Nonalcoholic fatty liver disease (NAFLD) has emerged as the most frequent chronic liver disease worldwide (Patel & Siddiqui, 2019), ranging from simple steatosis to steatohepatitis, cirrhosis, and hepatocellular cancer (Fuchs, Claudel & Trauner, 2014; Targher, Day & Bonora, 2010). Meanwhile, cardiovascular disease (CVD) is the most common cause of death, and its prevalence is constantly increasing worldwide (Balakumar, Maung & Jagadeesh, 2016). Many studies have shown that NAFLD increases not only the risk of morbidity and mortality of liver-related cardiovascular disease, but also independently increases the risk for multi-vessel CVD associated with cardiovascular events (Anstee, Targher & Day, 2013; Boddi et al., 2013; Chang et al., 2019; Targher, Day & Bonora, 2010). Furthermore, a large body of literature currently demonstrates the association between NAFLD and cardiac arrhythmias; in particular, NAFLD is associated with an increased risk of atrial fibrillation, QT interval prolongation and ventricular tachyarrhythmia (Hung et al., 2015; Mantovani et al., 2016; Targher et al., 2013; Targher et al., 2014). Therefore, it is urgent to early detect nonalcoholic fatty liver-related cardiovascular diseases.

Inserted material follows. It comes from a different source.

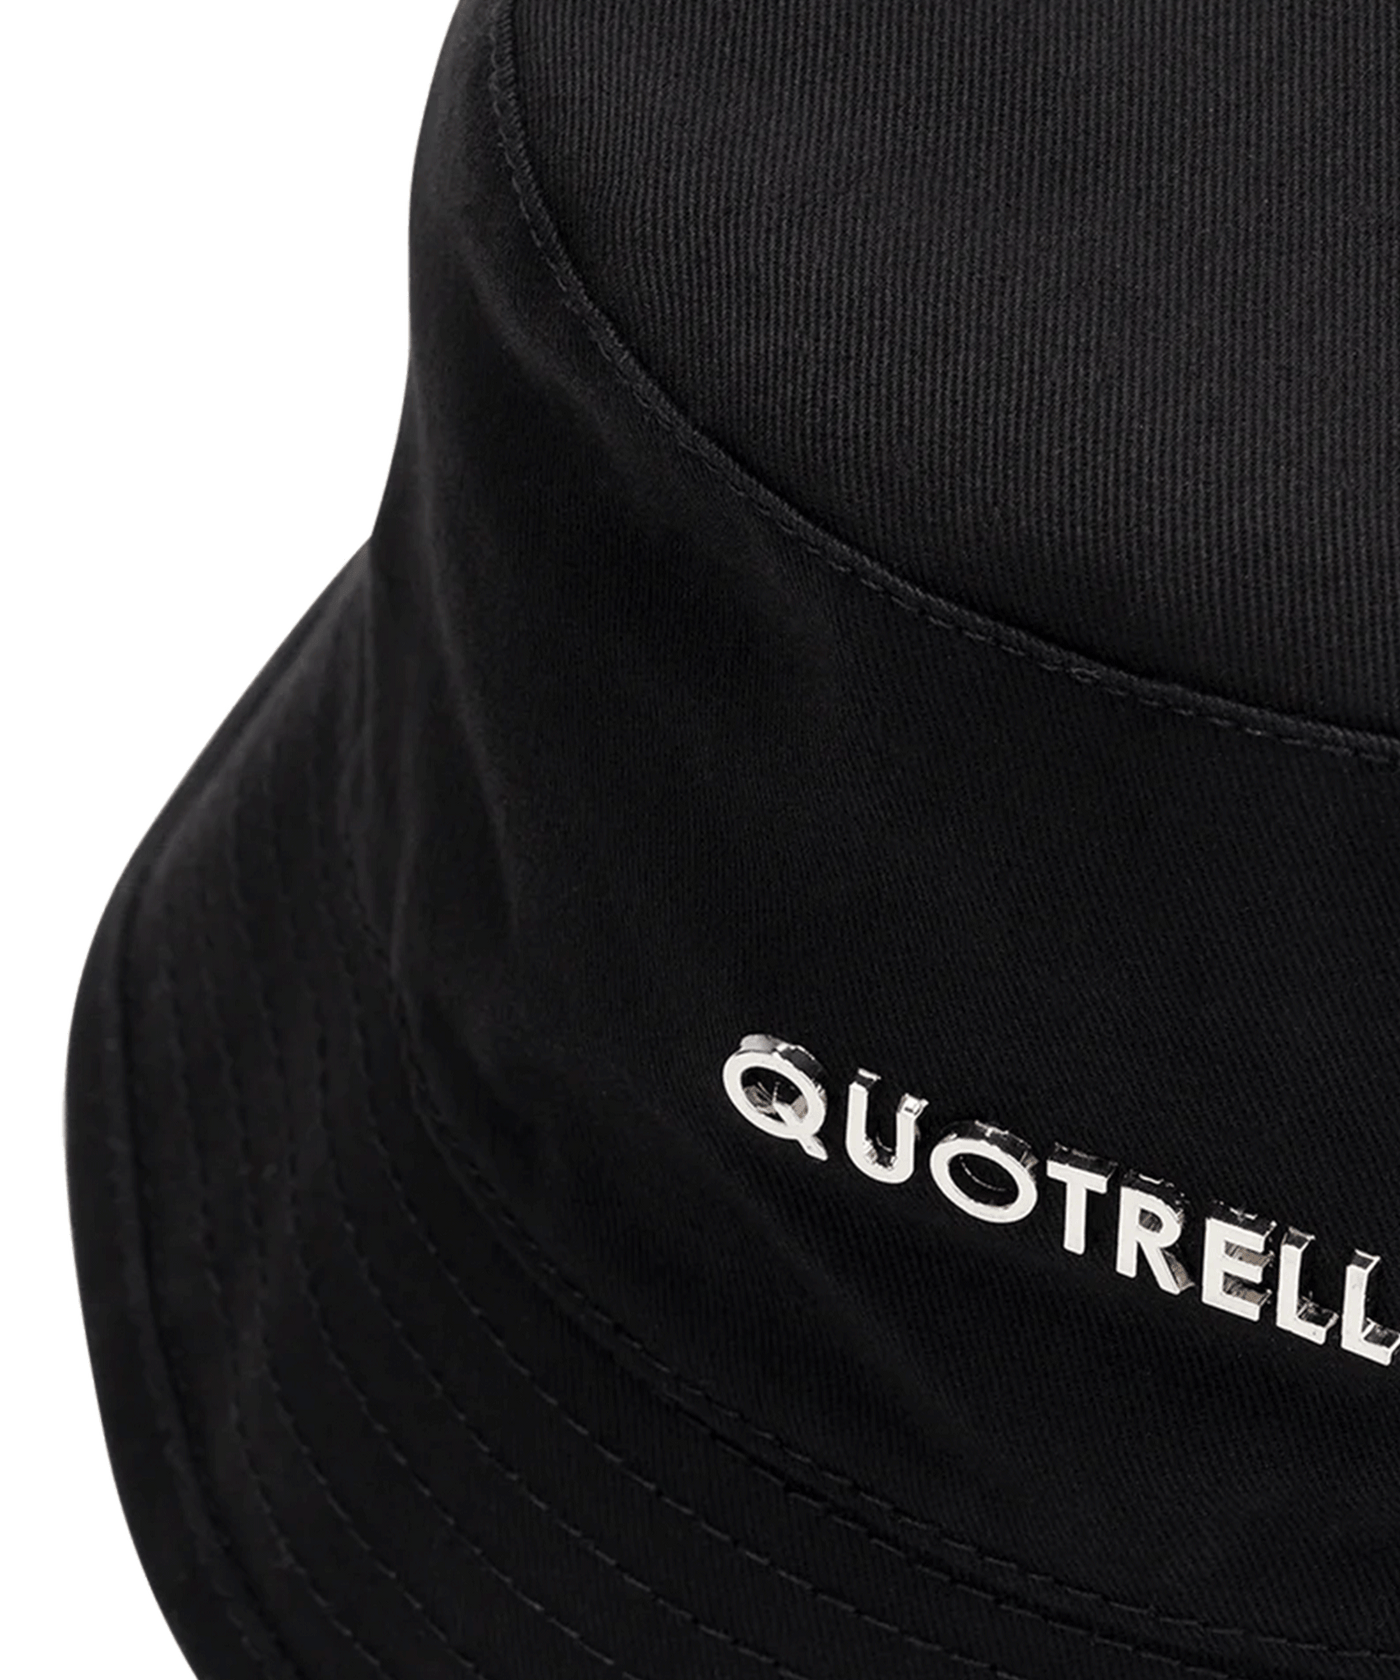 Quotrell - Modena - Buckethat - Black

Non-specific ST-T segment (NST) changes are characterized by a slightly upswept ST-segment depression or downward sloping and flat, diphasic or inverted T waves on a resting 12-lead electrocardiogram (ECG) (Kumar et al., 2008). In clinical practice, such abnormalities are frequently encountered but generally ignored or simply considered to be incidental, transient, and benign electrocardiographic changes (Greenland et al., 2003; Kumar & Lloyd-Jones, 2007). In addition, diverse morphological ECG abnormalities complicate the reasonable explanation of NST changes (Rautaharju et al., 2009). Physicians previously treated NST alterations as unremarkable changes. However, studies have shown that the all-cause mortality is increased by two to three times in patients with NST changes (Badheka et al., 2012). Furthermore, minor abnormalities have been reported to be independent risk factors for early CVD events and incident coronary heart disease (CHD) in middle-aged and older individuals, and the degree of risk increase is similar to that of elevated levels of traditional CVD risk factors, such as diabetes mellitus, hypercholesterolemia, and hypertension (Greenland et al., 2003; Healy & Lloyd-Jones, 2016; Kumar et al., 2008; Rivero et al., 2019; Walsh et al., 2013). The existing evidence suggests that NST changes may be overlooked early signs of cardiovascular changes.

NAFLD is one facet of multisystem metabolic abnormalities. Previous studies have indicated that NAFLD could indicate an early stage of change during the process of CVD. Because it is important to predict and identify of the onset of CVD earlier, we aimed to evaluate the association between NAFLD and NST changes, hoping for greater vigilance for early prevention of CVD events, especially, in patients with NAFLD.

Methods

Participants

A total of 64,922 recordings were retrospectively reviewed at the physical examination centre in Wuhan Union Hospital from January 2017 to December 2018. All the participants were company staff or workers who came for annual health examination. A total of 68.5% participants from the local companies in Wuhan, 18% from the other cities outside of Wuhan in Hubei province and 14.5% from other provinces. For the current cross-sectional study, we excluded 32,000 subjects for the following reasons: (1) aged <18 years or >65 years (n = 3667), (2) missing information on ECG, ultrasonography, or important covariates including body mass index (BMI), blood pressure (BP), fasting plasma glucose (FPG), liver function, and blood lipids (n = 25,036), (3) patients with excessive alcohol intake, viral hepatitis, chronic liver disease, or CVD (n = 3297). Some participants met more than one exclusion criterion, leaving 32,922 participants included in the final analysis (Fig. 1). Tongji Medical College, Huazhong University of Science and Technology granted Ethical approval to carry out the study within its facilities (2018 S426). This study was for retrospective analysis only, so informed consent was waived.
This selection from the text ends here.